NVR’s homebuilding operations primarily construct and sell single-family detached homes, townhomes and condominium buildings under four trade names: Ryan Homes, NVHomes, Fox Ridge Homes and Heartland Homes. The Ryan Homes and Fox Ridge Homes products are marketed primarily to first-time and first-time move-up buyers. Ryan Homes operates in twenty-seven metropolitan areas located in Maryland, Virginia, Washington, D.C., West Virginia, Pennsylvania, New York, North Carolina, South Carolina, Florida, Ohio, New Jersey, Delaware, Indiana, Illinois and Tennessee. Fox Ridge Homes operates in the Nashville, TN metropolitan area. The NVHomes and Heartland Homes products are marketed primarily to move-up and up-scale buyers. NVHomes operates in Delaware and the Washington, D.C., Baltimore, MD, Philadelphia, PA and Raleigh, NC metropolitan areas. Heartland Homes operates in the Pittsburgh, PA metropolitan area. NVR derived approximately 31% and 15% of its 2013 homebuilding revenues from the Washington, D.C. and Baltimore, MD metropolitan areas, respectively.

NVR’s mortgage banking segment is a regional mortgage banking operation.
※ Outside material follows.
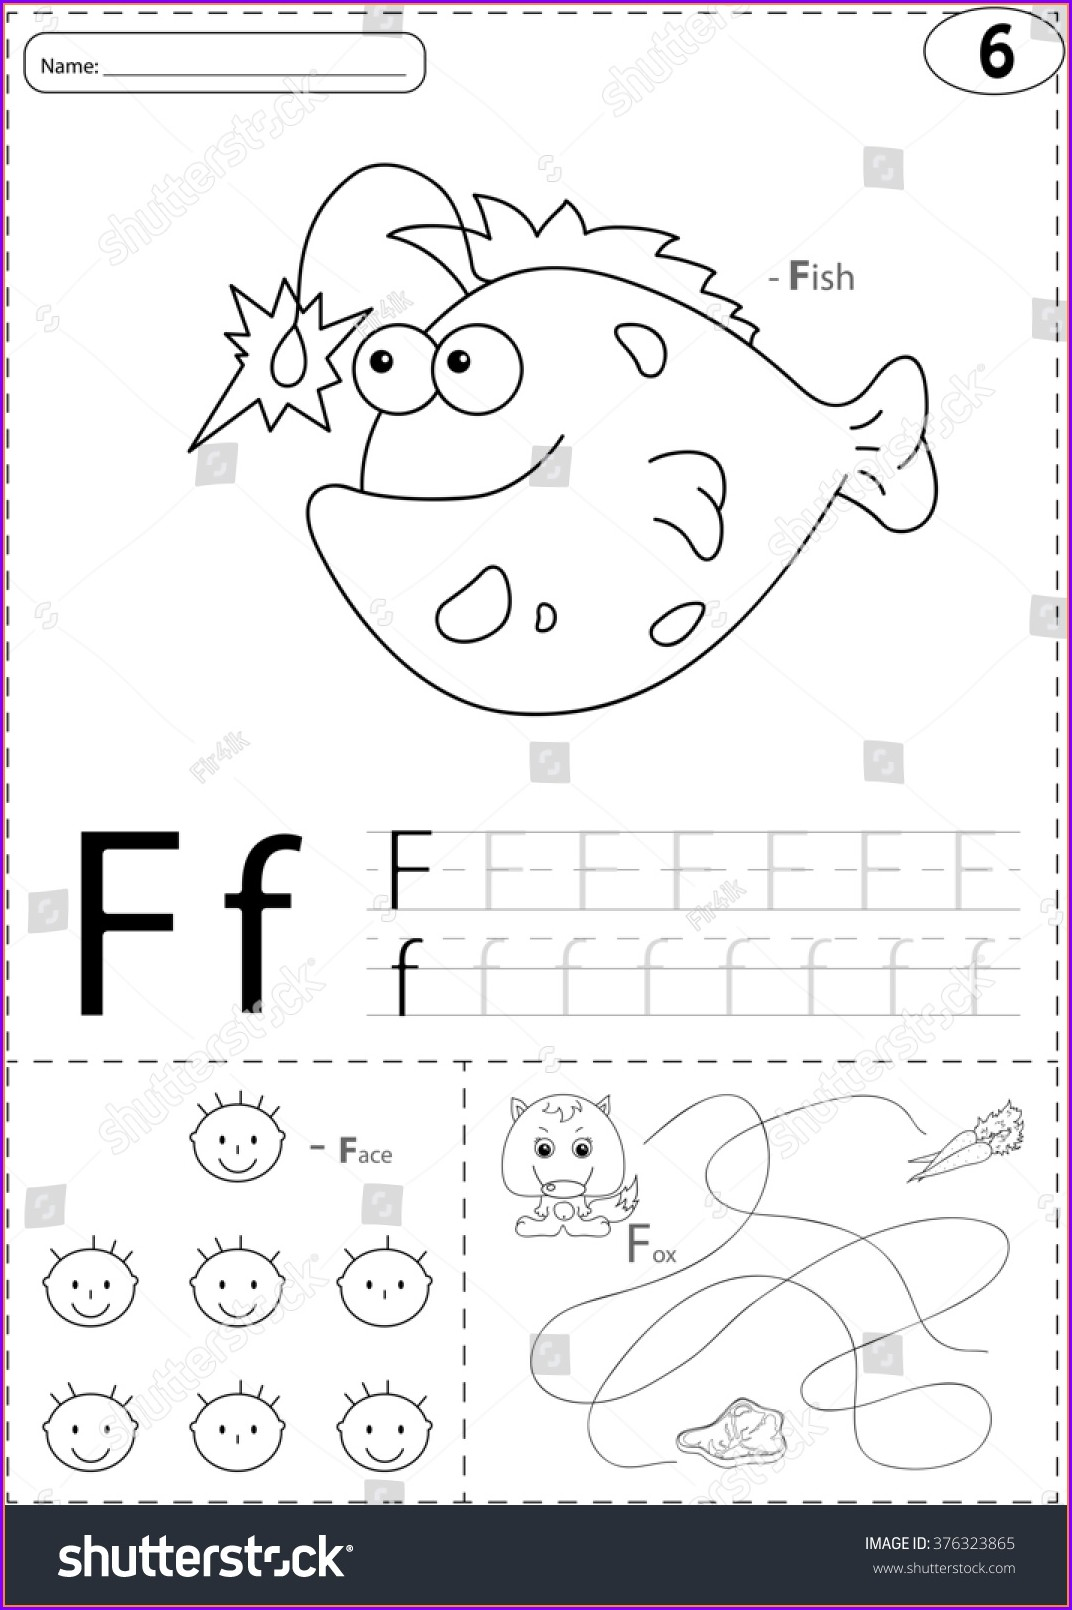 Free Cursive Writing Worksheets A Z

Substantially all of the mortgage banking segment’s loan closing activity is for NVR’s homebuilding customers. NVR’s mortgage banking business generates revenues primarily from origination fees, gains on sales of loans, and title fees. A substantial portion of the Company’s mortgage operations is conducted in the Washington, D.C. and Baltimore, MD metropolitan areas.

The following disclosure includes four homebuilding reportable segments that aggregate geographically the Company’s homebuilding operating segments, and the mortgage banking operations presented as a single reportable segment. The homebuilding reportable segments are comprised of operating divisions in the following geographic areas:

Mid Atlantic – Virginia, West Virginia, Maryland, Delaware and Washington, D.C.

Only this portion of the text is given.